ORBIE ARRIE BETHUNE

 

Orbir Arrie Bethnue Fanily

Orbie Arrie Bethnue Fanily

 

 

Orbir Arrie Bethnue 50th Anniversary

Orbie Arrie Bethune 50th Anniversary

Orbie Arrie Bethune, the fourth son and seventh child of Robert Oliver and Lillie E. Cox Bethune was born January 5, 1907. He married Ruby Lousilvia Adkins on April 11, 1926 Ruby was born August 14, 1911.

Orbie was born at Buck’s Pocket, DeKalb County AL. His daddy, “0llie” Bethune, moved to Brown Town near Henegar, AL. , around 1912 where he operated a grocery store until 1920. He sold the store and moved to North DeKalb County near Union Church which was not far from the Georgia line. Orbie was thirteen years old when they made this move. “0llie” bought sixty or eighty acres, I’m not sure, but, he finished raising his family at this location.

Orbie helped on his family’s farm until he was about nineteen at which time he got a job at Crane Enamel Co in Chattanooga, TN.

Orbie and Ruby L. Adkins eloped in 1926 and were married in Rossville (Walker County) GA. When the stock market crashed in 1929, they already had two small daughters Orbie was laid off at Crane Enamel Co and the economy hit rock bottom. He could not find work in Chattanooga, so he moved and started working on farms for other people. Farm labor pay was around 50c a day. When he could find saw mill work, it paid about lO cents an hour. This went on till about 1938 when he found a job with Davis Wells. Davis Wells said that Orbie was the best edgerman who had ever worked for him.

Most of Orbie’s employers fixed it with a local grocery store for him to get credit for groceries until they could sell a load of lumber. The miners sometimes pawned their mining tools to buy groceries for their families.

Davis Wells was saw milling on Etna Mountain, Marion County, TN, so, Orbie moved to Etna Mountain, then back to Whiteside, TN in the fall of 1939 and got a job with the W. P. A. It paid approximately $2.00 a day. They built culverts and installed them in the roads and also picked up rocks with which they built rock walls along the road sides. Whiteside was all gravel roads at that time.

By the time I was nine years old, I could count nine times we had moved following saw mill work. Orbie seemed to take the hard times in stride and on many of his jobs, would have to walk two or more miles to and from the job sites. Most days he didn’t get home until after dark.

Orbie enjoyed playing the harmonica. In the thirties, this was the only amusement that he could provide for his family and he was good at it, too. He liked to blow the Train Song and make the train with his feet. He sounded just like a train when he blew the whistle.

While living at Whiteside, Orbie bought a horse and an old Gee Whiz scratcher and made himself a Hoover wagon and farmed the Earne Young’s property that year.

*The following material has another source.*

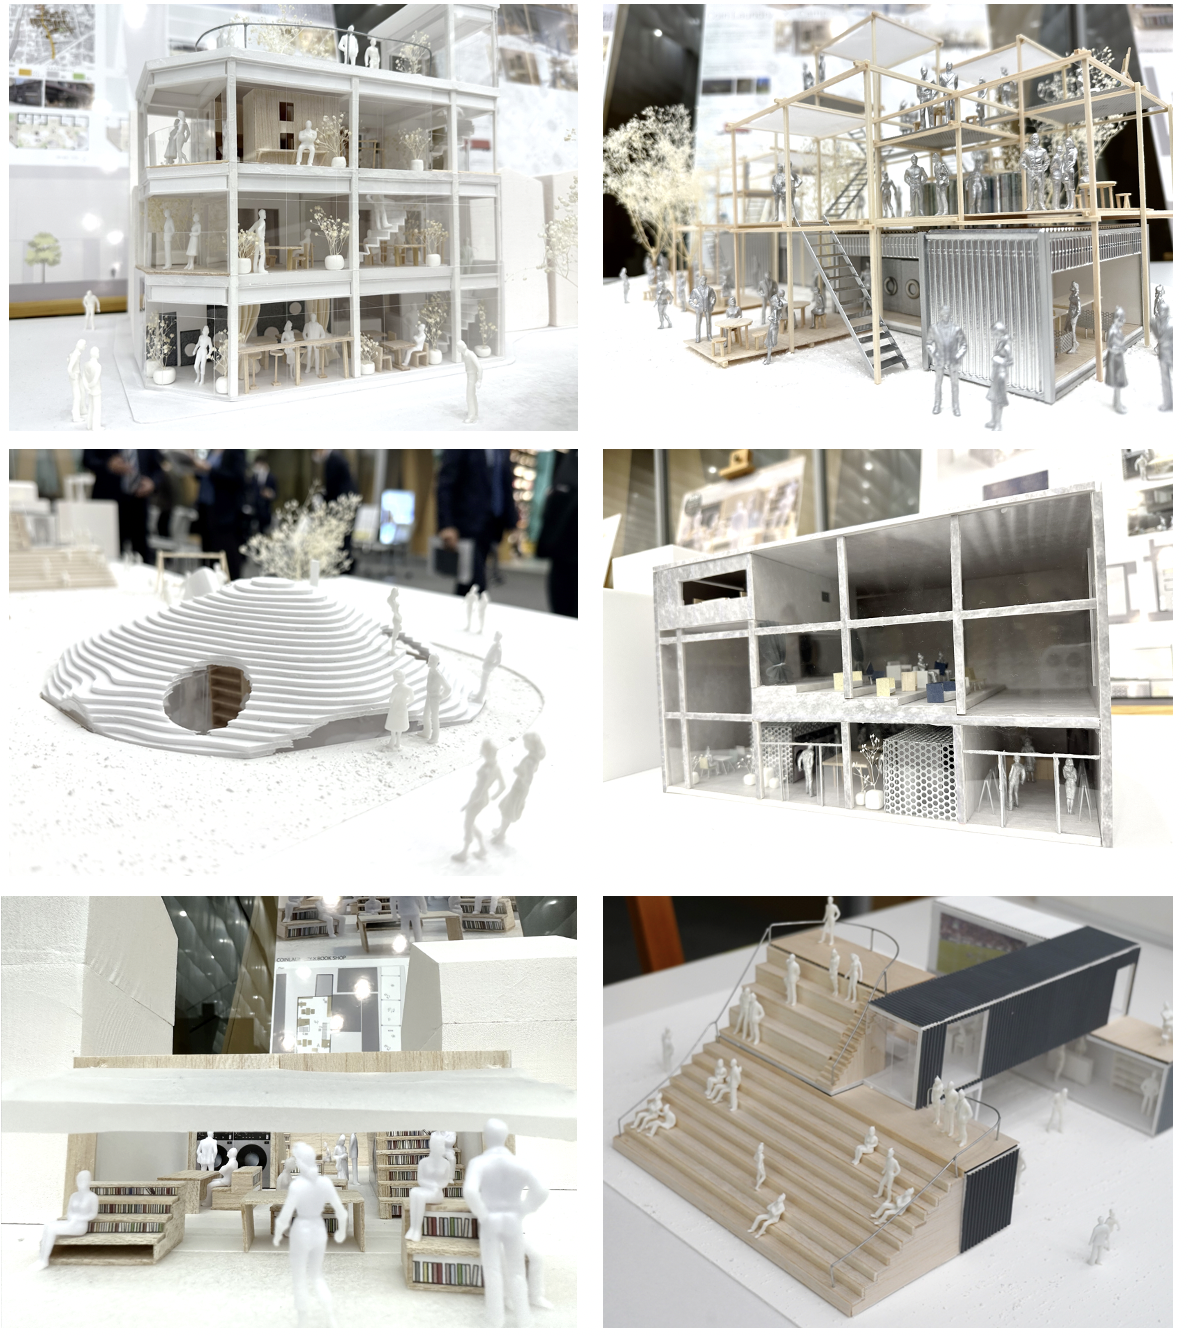 近畿大学建築学部×AQUA「コインランドリー空間デザイン」に関する共同研究最終発表会

He moved back to Jackson County near Ider, AL in 1941 and made a crop there. He managed to buy a sixty acre farm in Jackson County from Schrader in the fall of 1942. The place was called the old Burke Place. He cleared about fifteen acres, farmed and improved the place for about four years. In 1946, he sold it to James (Bub) and Flora Lewis for $1,300.00 and due to my mother’s health, they moved back to DeKalb County where he bought another farm. He later sold it and bought forty acres of wooded land on Reeves Cemetery Road in Dade County Georgia on Sand Mountain.

I guess Orbie got the pioneer spirit when he bought the wooded land. He built a small barn and did some land clearing. He started building the house in the Spring of 1948. While he was building his home, someone burned his barn. He lost a bunch of his tools, feed and two dressed pork hogs that were salted down for eating. He went to work in Chattanooga along about that time and farmed too. He would farm in the mornings and work the evening shift. I can still see and hear my mother, while standing in the kitchen door calling my dad to come and eat dinner before having to go to work on the evening shift. He was usually running late and would often have to run part of the way to catch his ride which was a good two mile walk. This went on for several years.

Orie was a good craftsman. He was noted for making handles for axes, hoes, hammers and just about anything else. He could build just about anything and was also a good tin smith.

Orbie Arrie Bethune died August 5, 1985 and Ruby died November 20, 1980.

They had ten children: Mary Ruth, 0llie Mae, Brinie Osbin, Onvil Florine, Verline R., Lariel Benuard, Davis Talmade, James Guinn, Silvia Dian, Wonda Ranee. Refer to individual articles for the above children. (Submitted by Brinie O. Bethune.)